Skip every image and restate the data word for word.

======== DATA PROVIDED

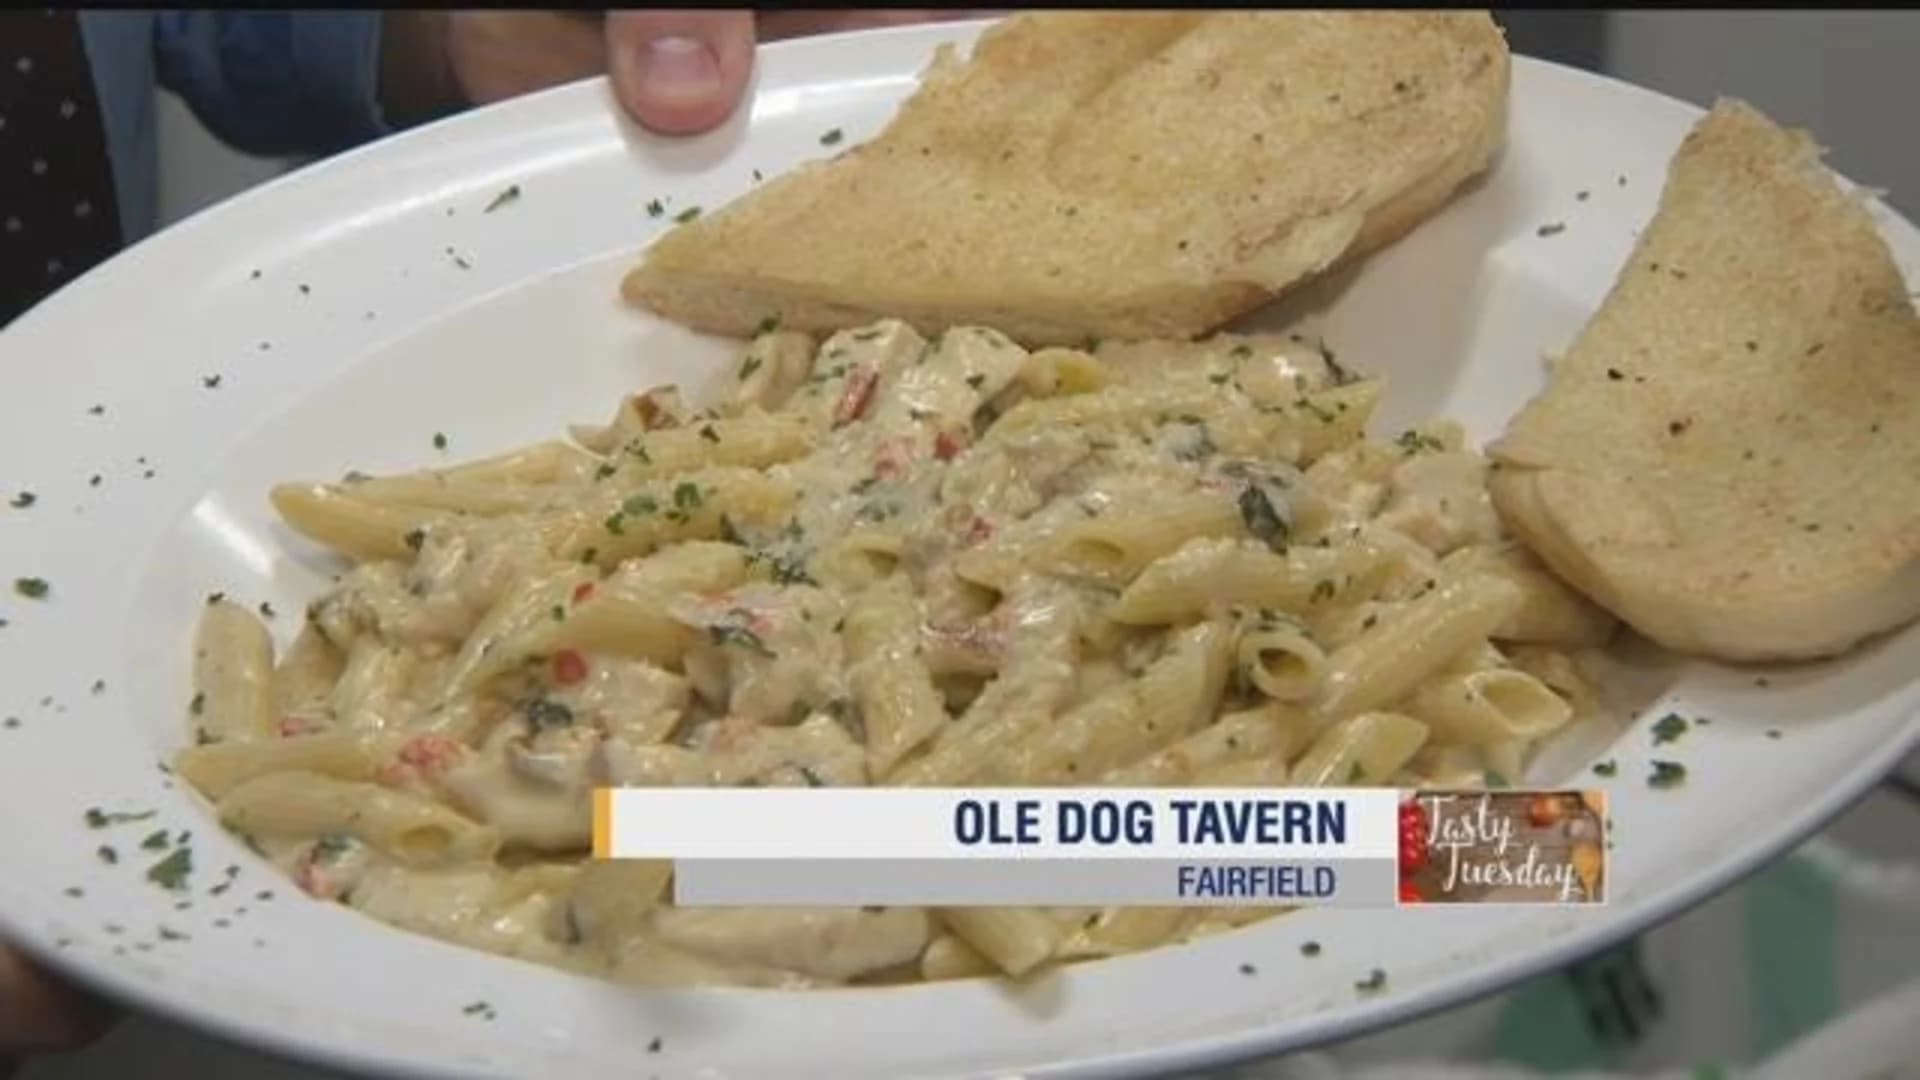 Tasty Tuesday: Ole Dog Tavern
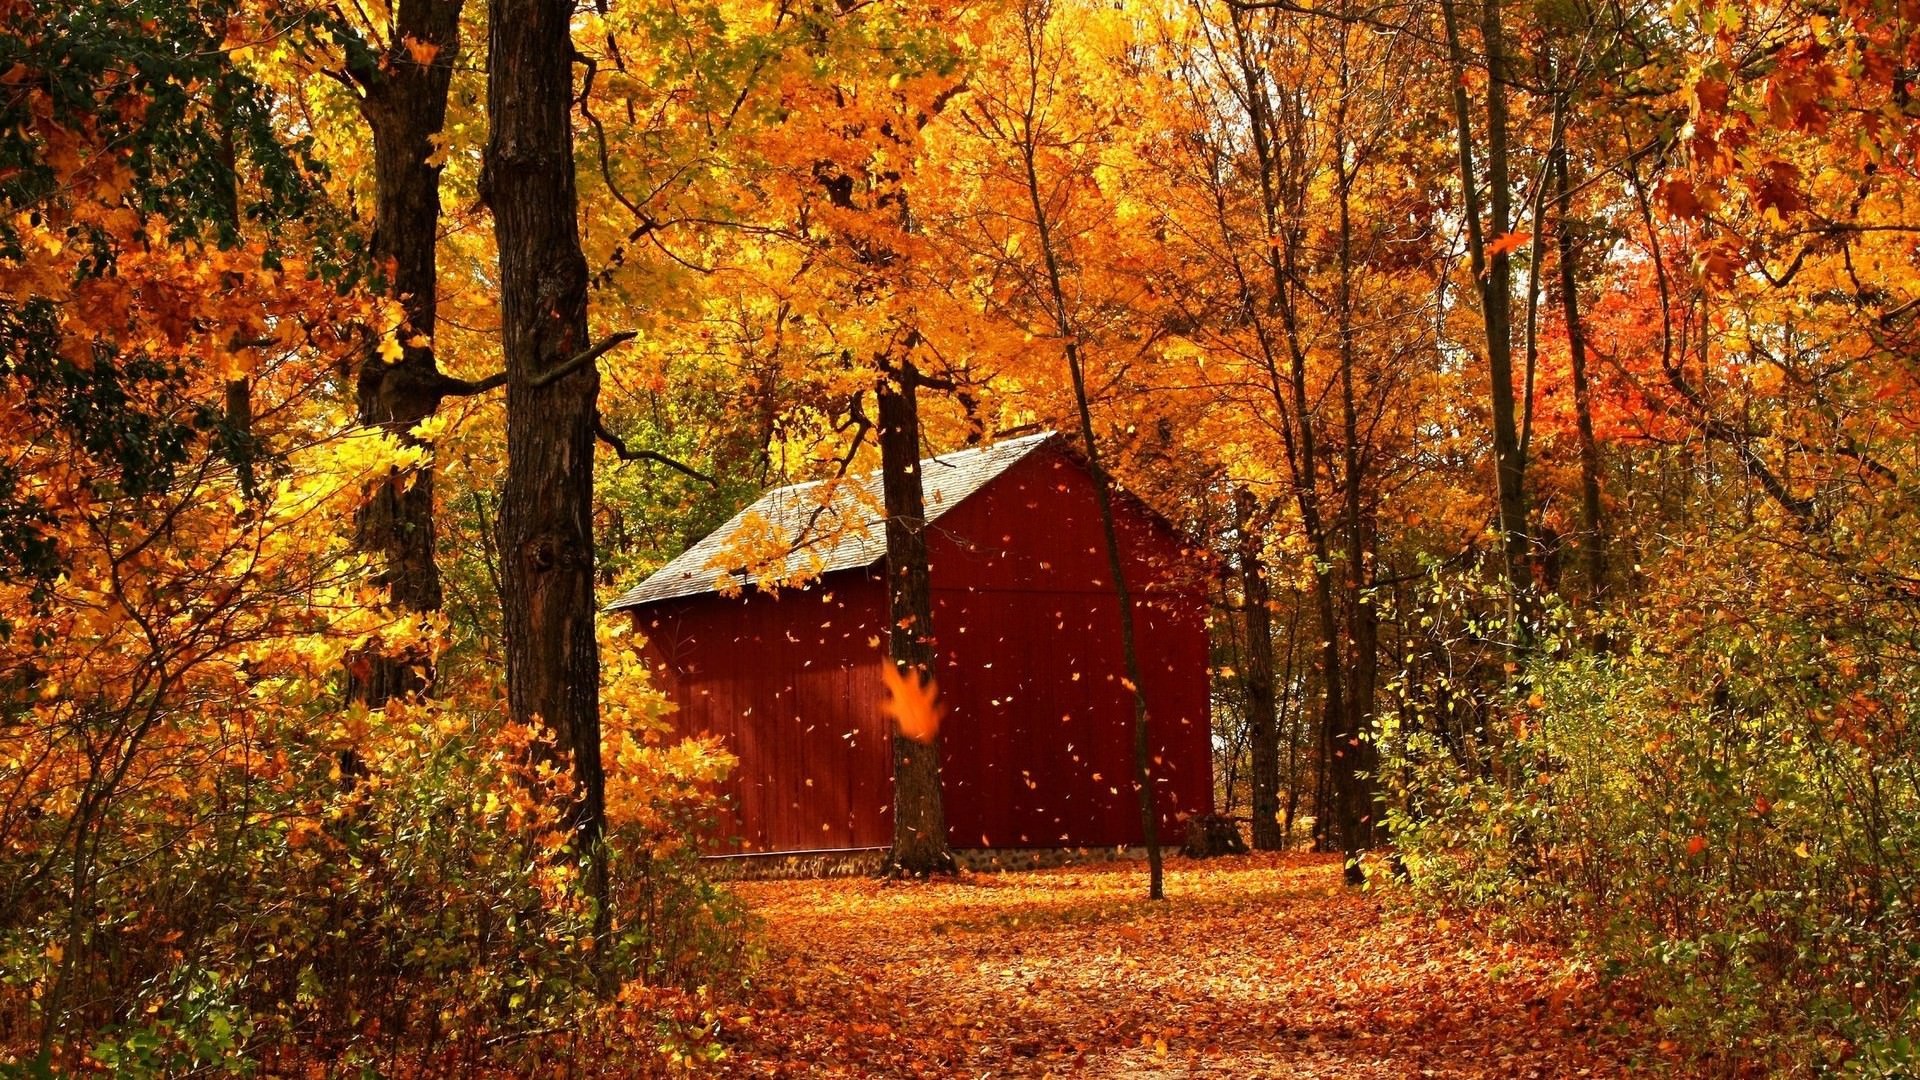 1920x1080 Autumn Breeze Background Image. Autumn Breeze Wallpaper
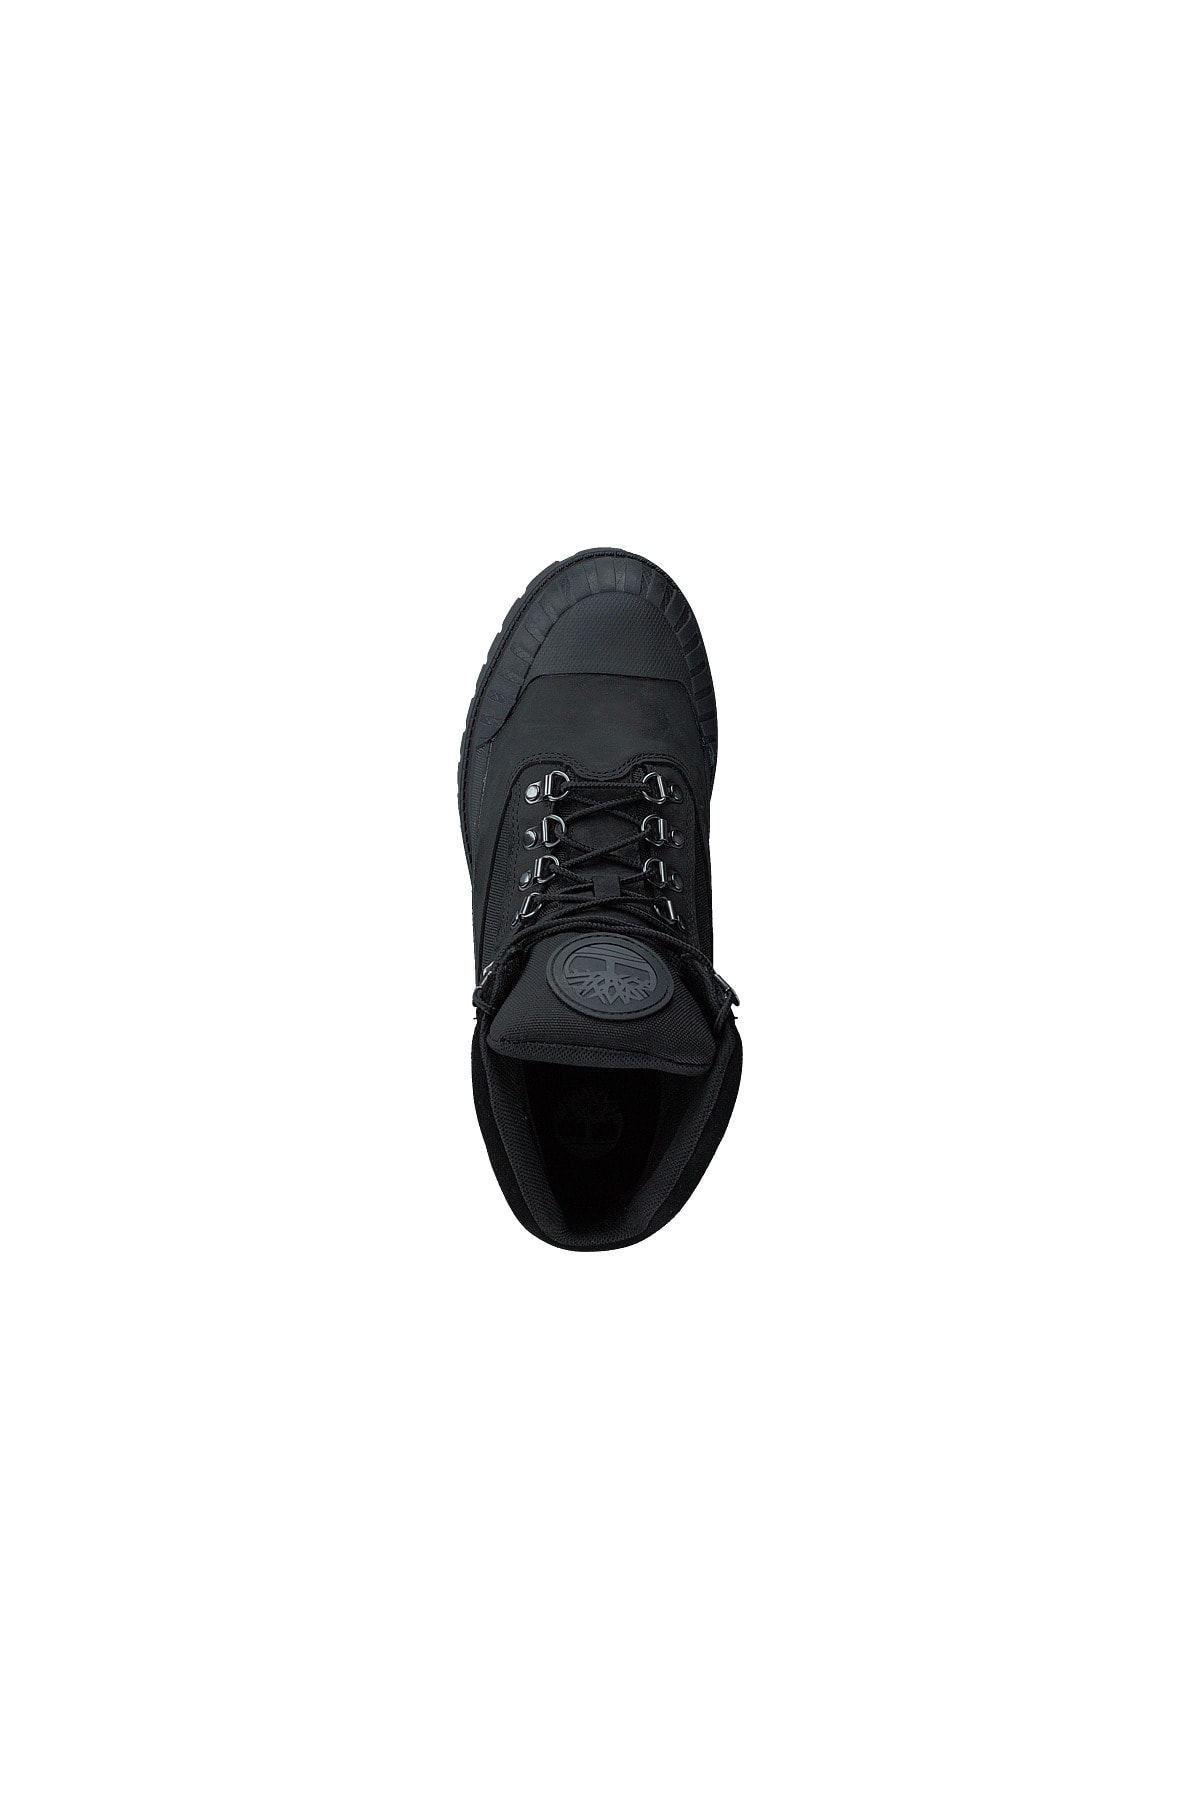 Timberland کفش بیرونی مشکی مردانه Hrtg Rubber Toe Hiker Wp TB0A2QQ70011
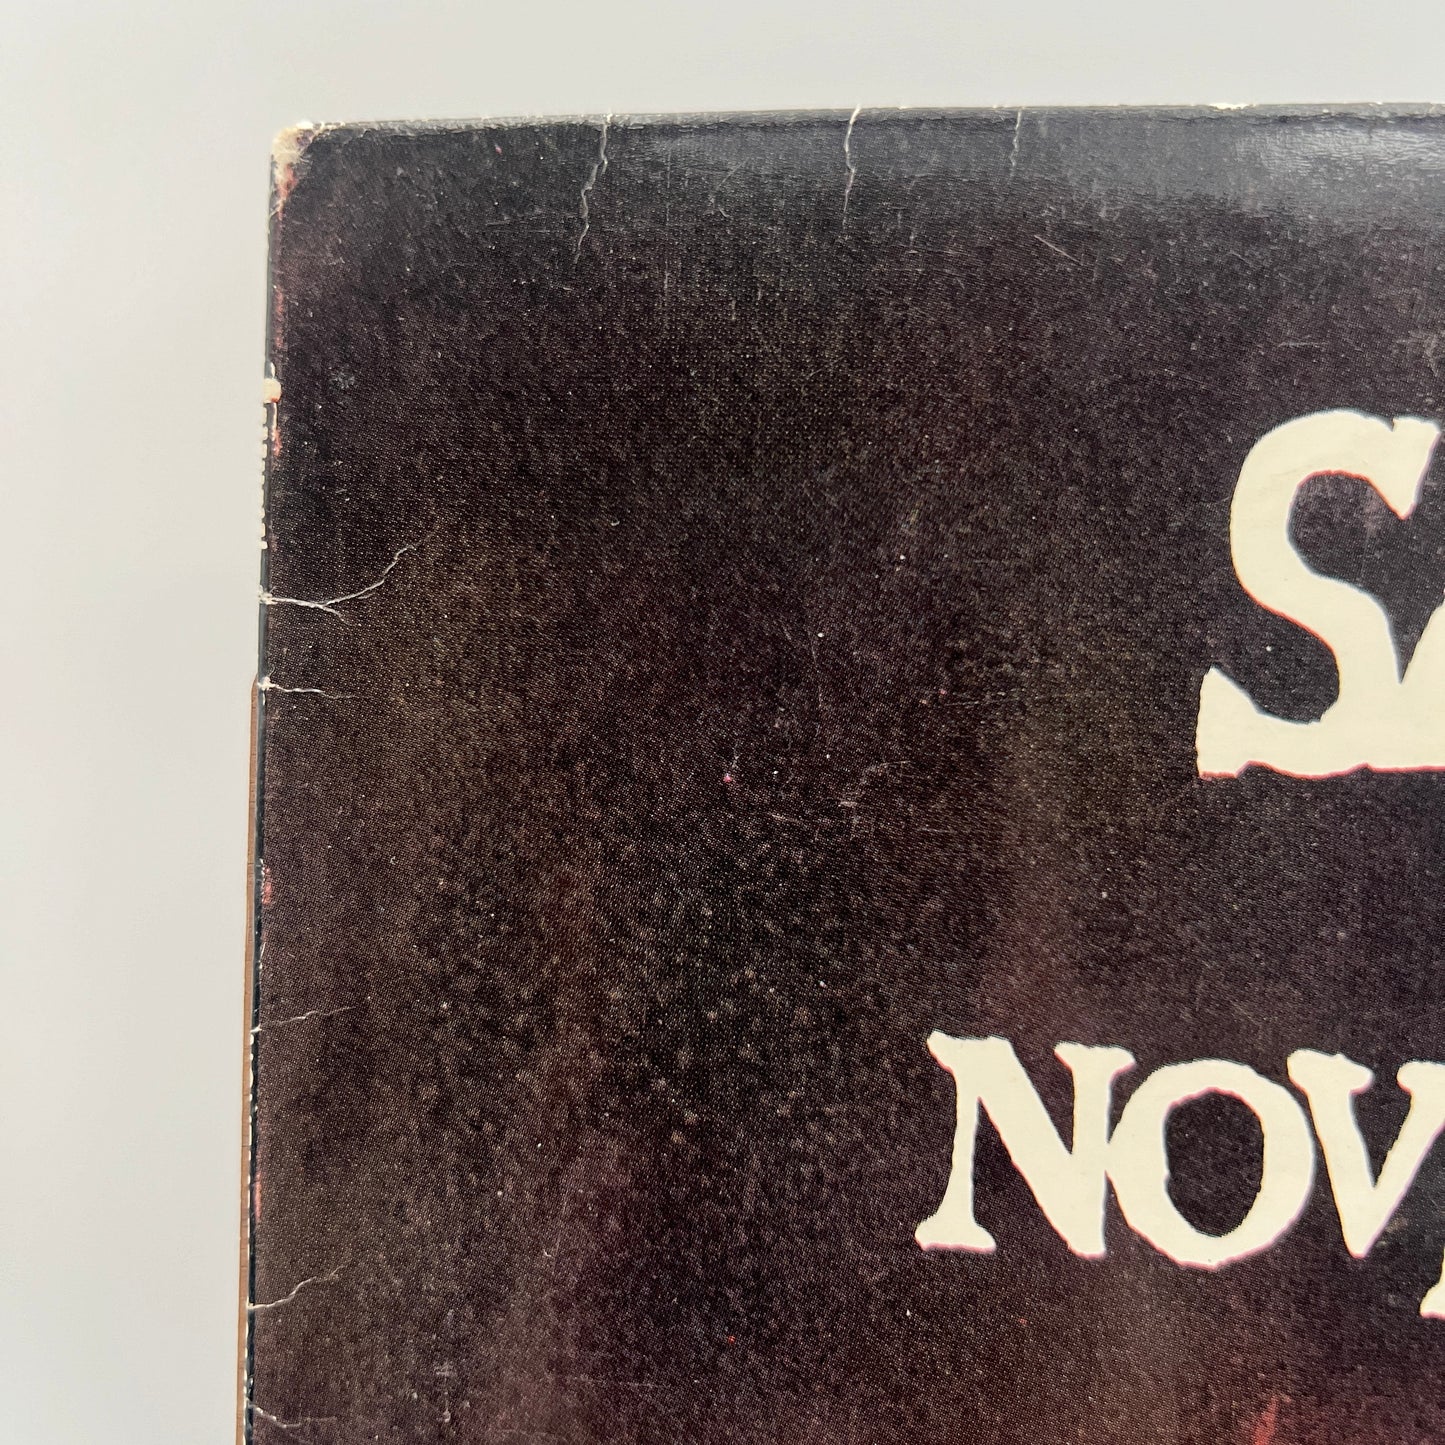 Samhain - November-Coming-Fire Vinyl LP Original 1st Press w/ Insert

================

▶ RESPONSE BELOW:
 Tasty Tuesday: Ole Dog Tavern
 1920x1080 Autumn Breeze Background Image. Autumn Breeze Wallpaper
 Timberland کفش بیرونی مشکی مردانه Hrtg Rubber Toe Hiker Wp TB0A2QQ70011
 Samhain - November-Coming-Fire Vinyl LP Original 1st Press w/ Insert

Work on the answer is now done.